◆ Problem: With the pictures left out, return exactly the lines from the one containing "Anyone know what" through the end of the listing below.

◆ Collected material:
--------

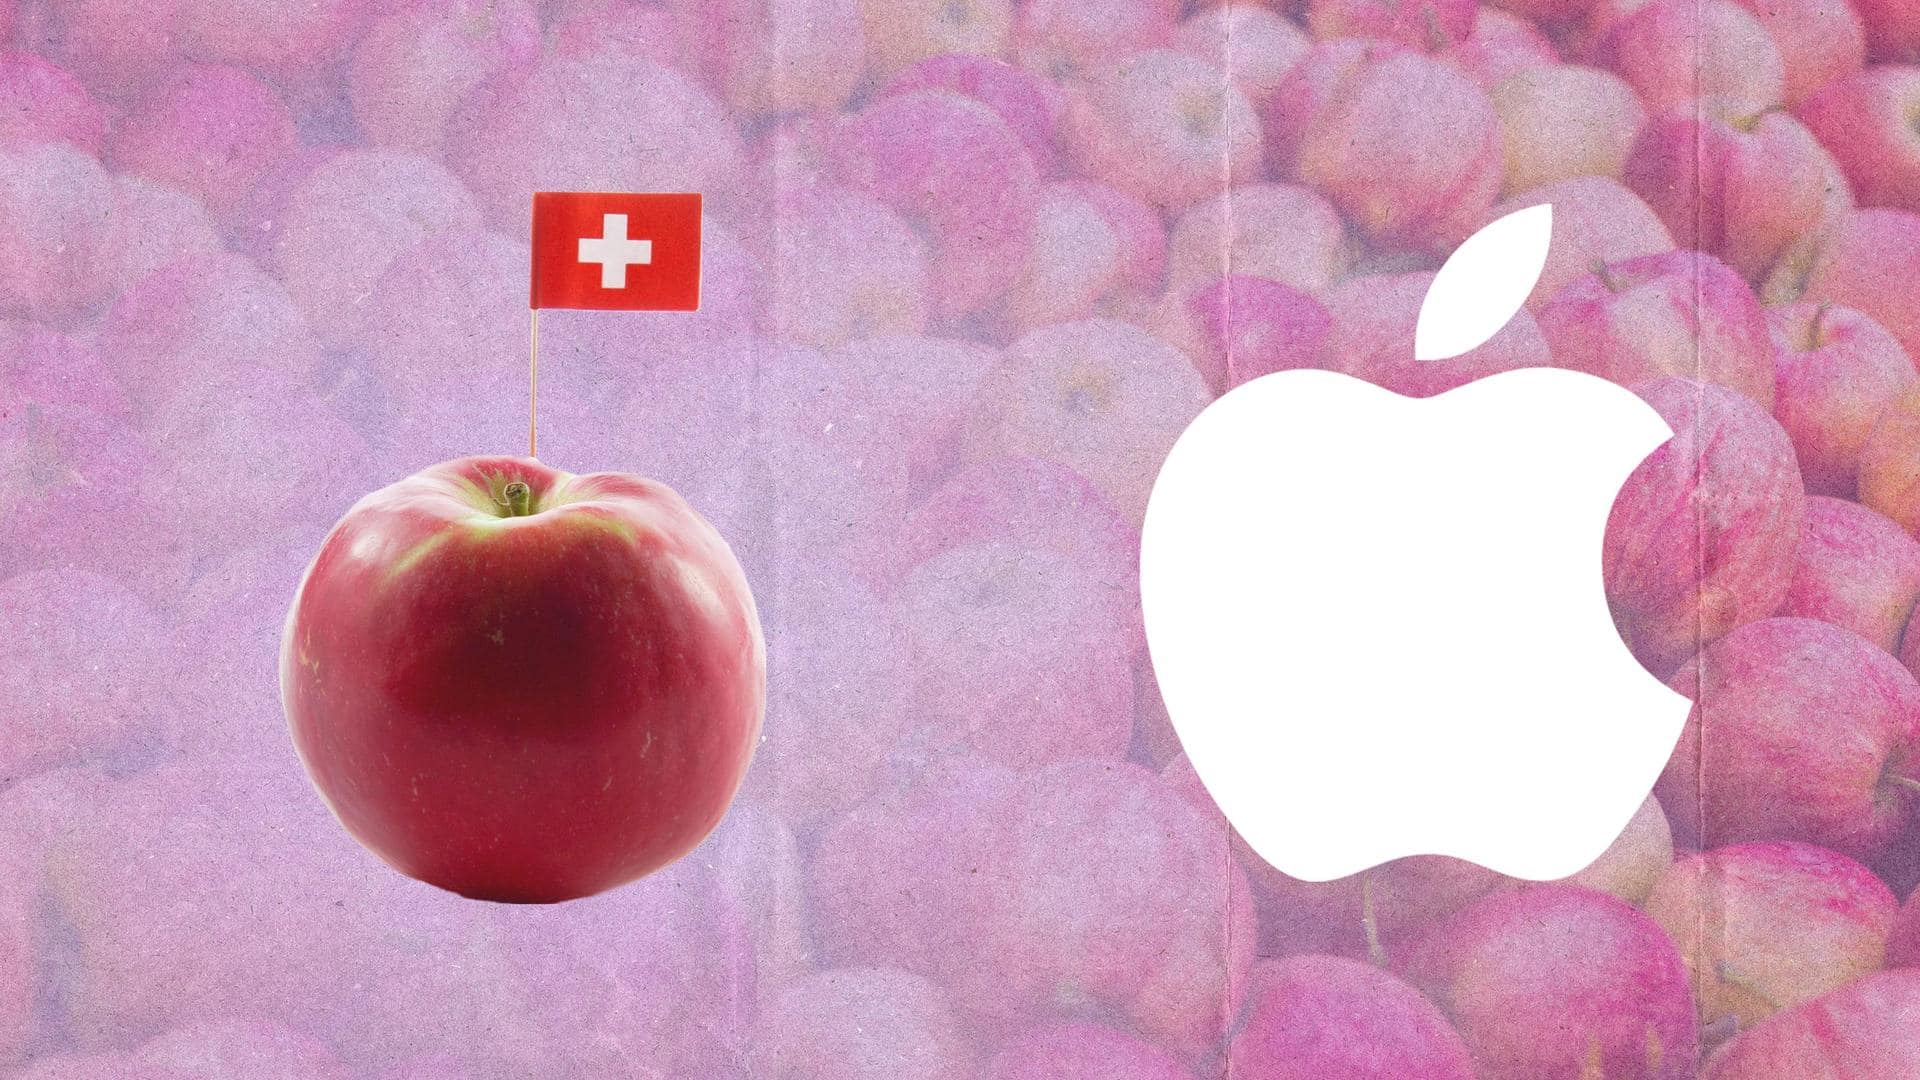 Apple, the tech company, wants to trademark apple, the fruit
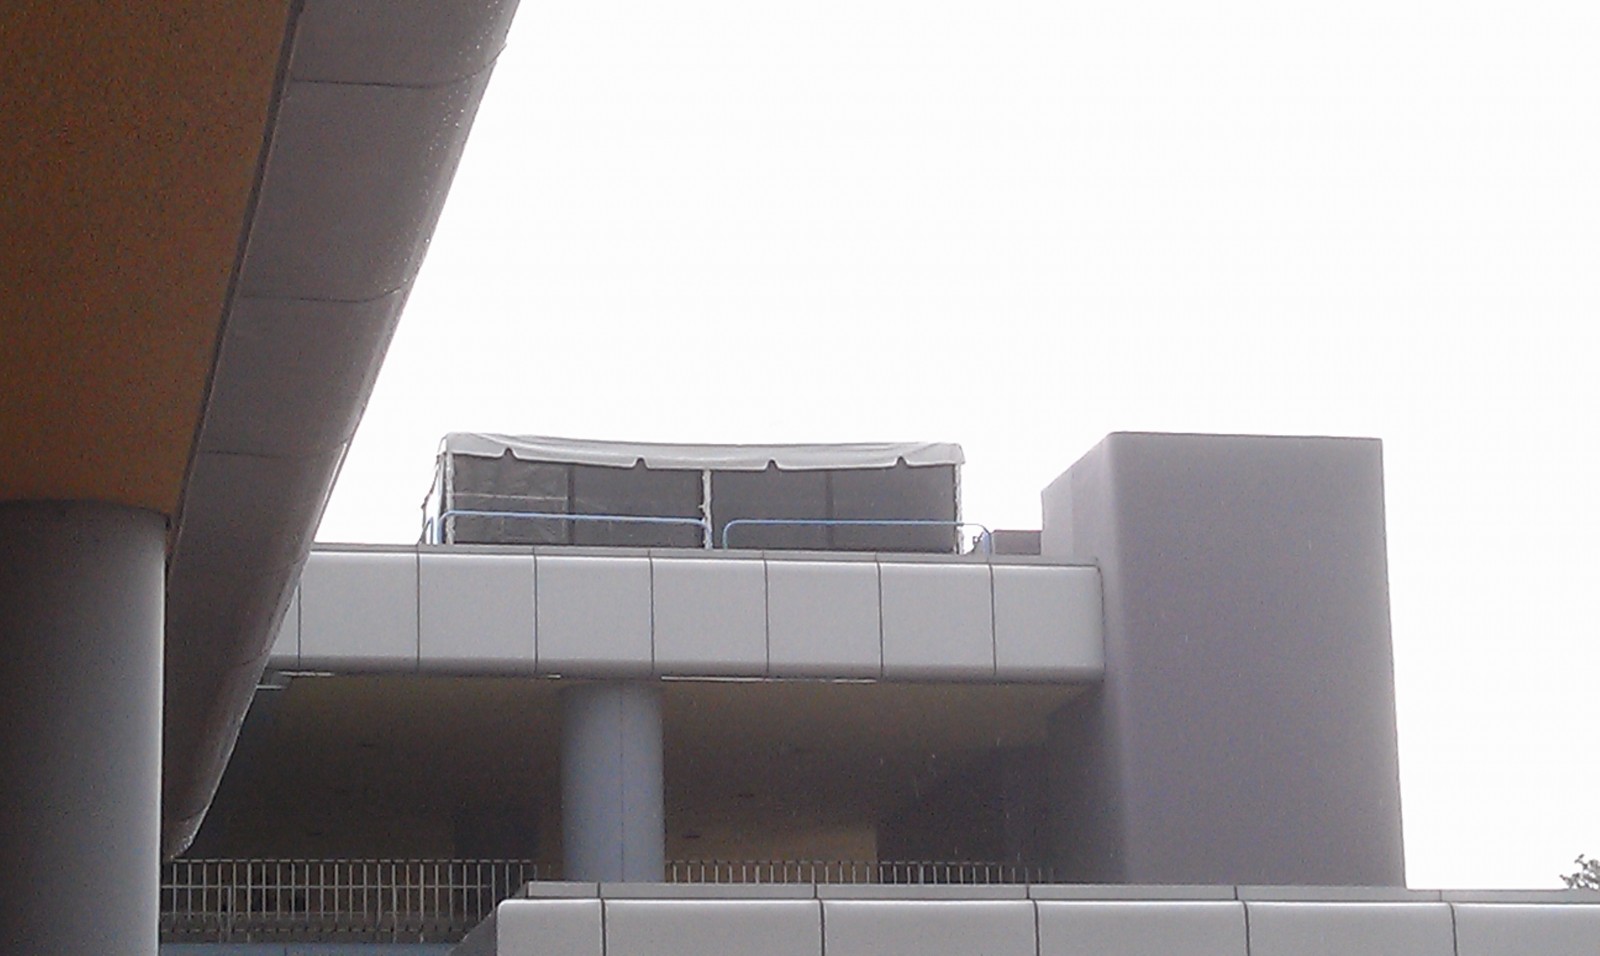 Anyone know what the tent housing projectors atop the Epcot Monorail station is for
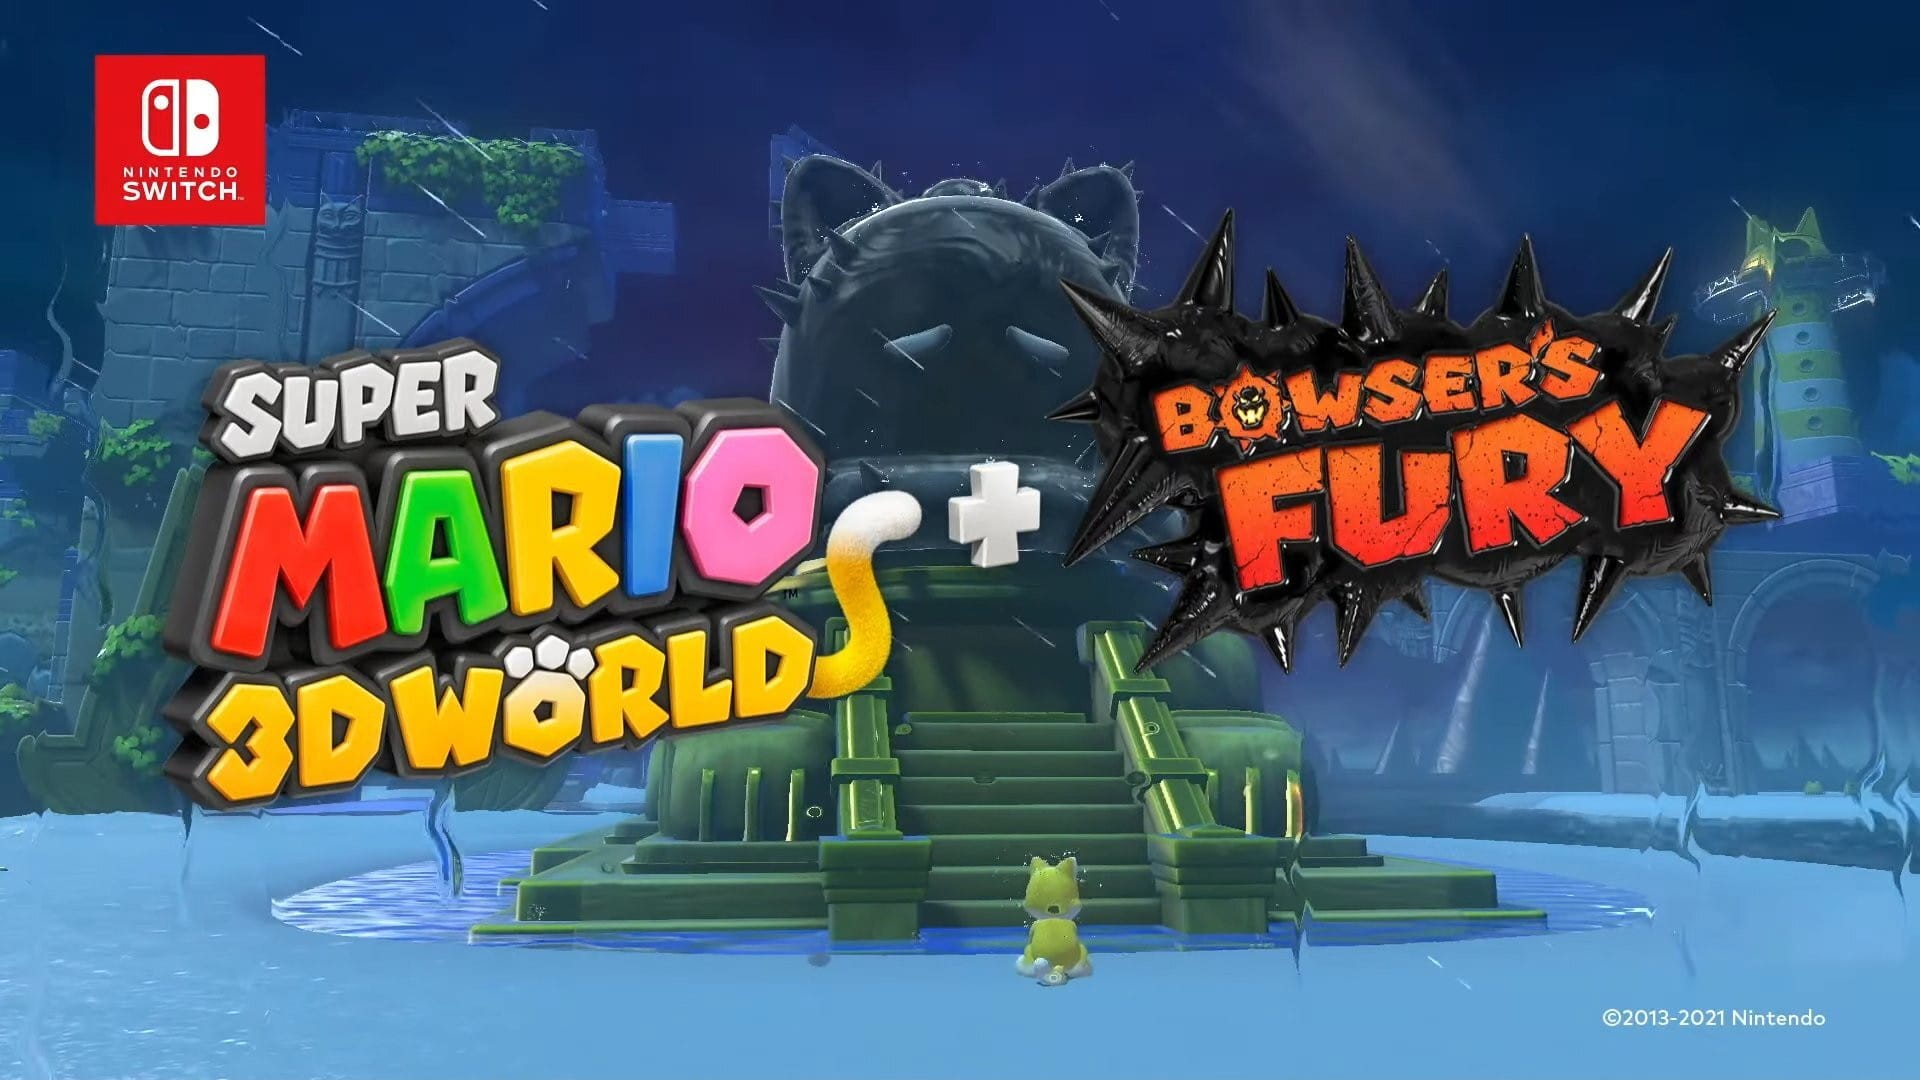 Super Mario 3D World + Bowser's Fury - Overview Trailer - Nintendo Switch 
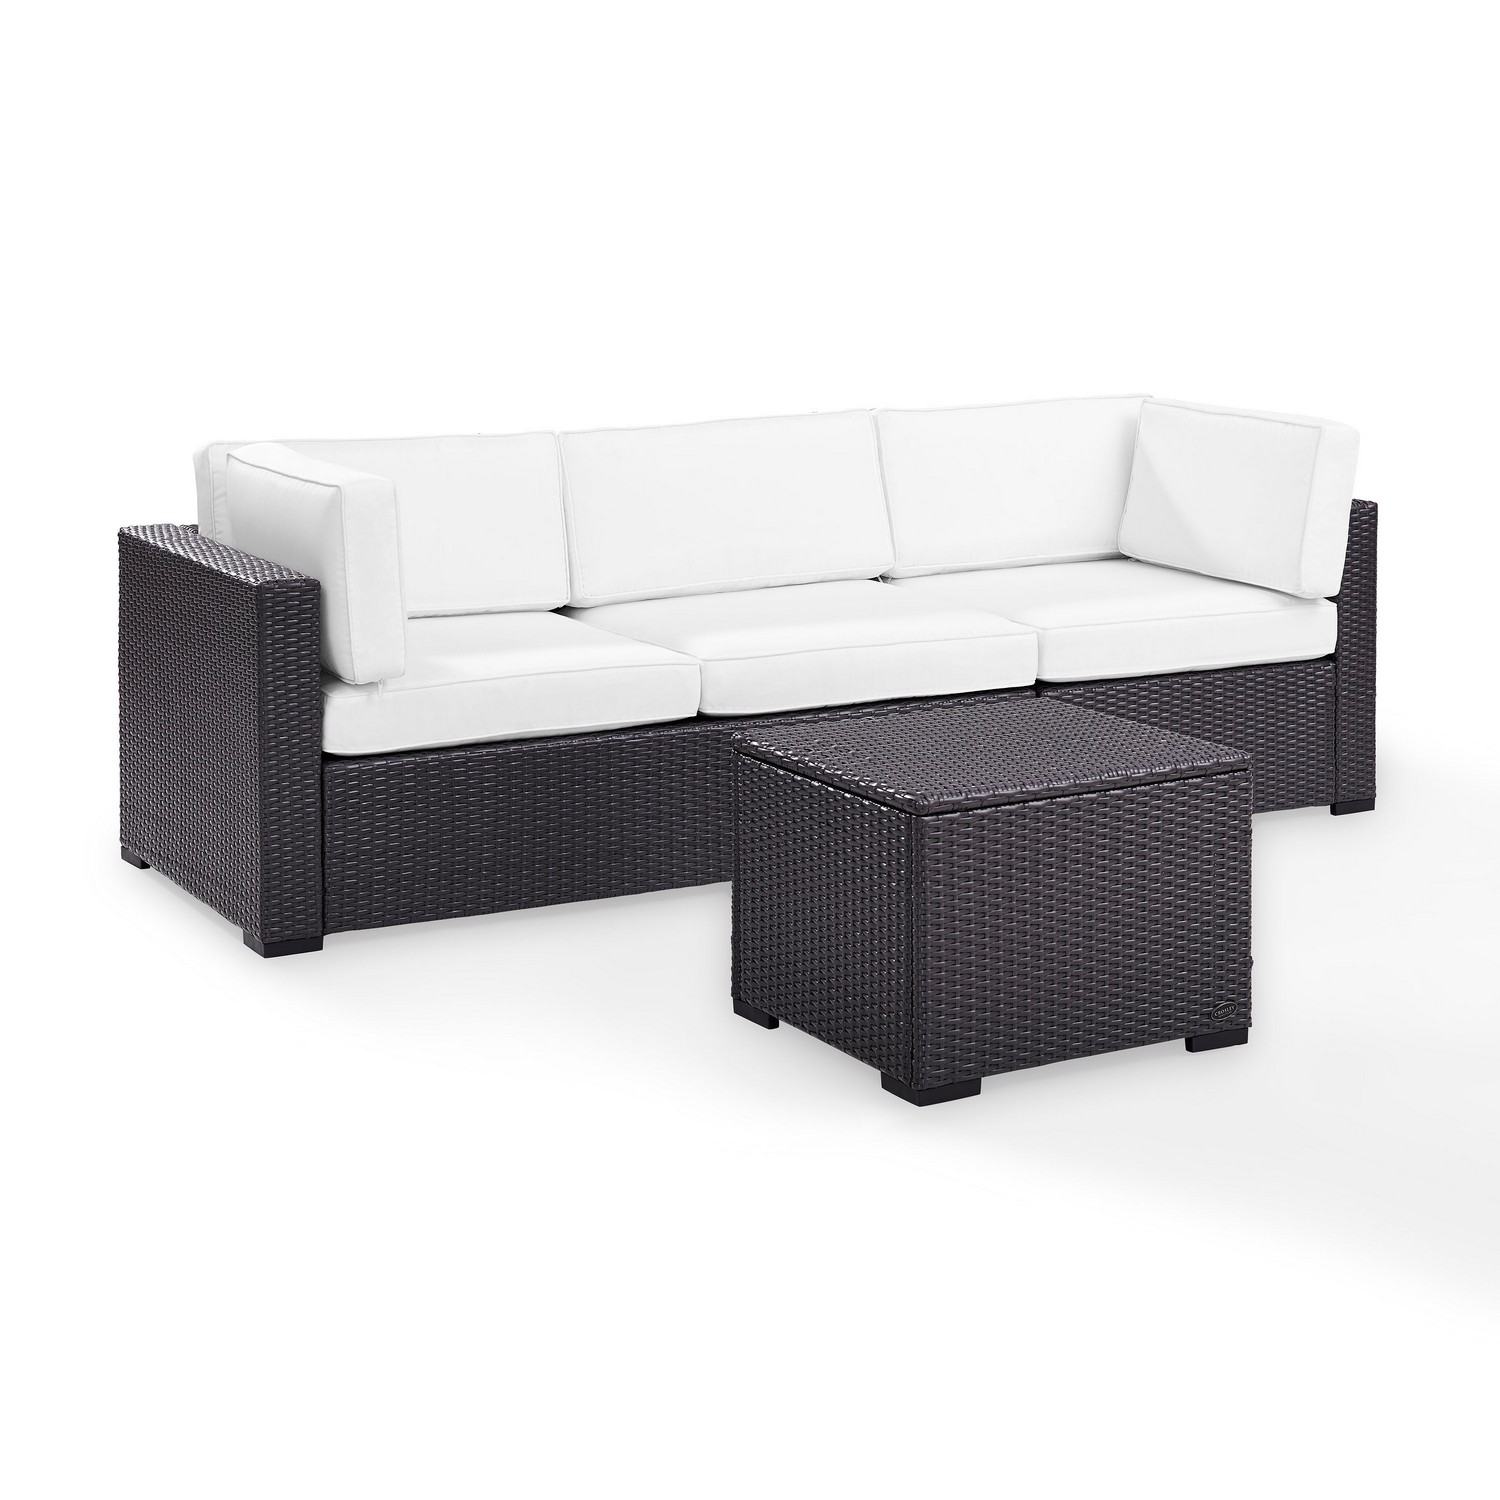 Crosley Biscayne 3-PC Outdoor Wicker Sectional Set - Loveseat, Corner Chair, Coffee Table - White/Brown

--------

◆ Finished exercise:
 Anyone know what the tent housing projectors atop the Epcot Monorail station is for
 Super Mario 3D World + Bowser's Fury - Overview Trailer - Nintendo Switch 
 Crosley Biscayne 3-PC Outdoor Wicker Sectional Set - Loveseat, Corner Chair, Coffee Table - White/Brown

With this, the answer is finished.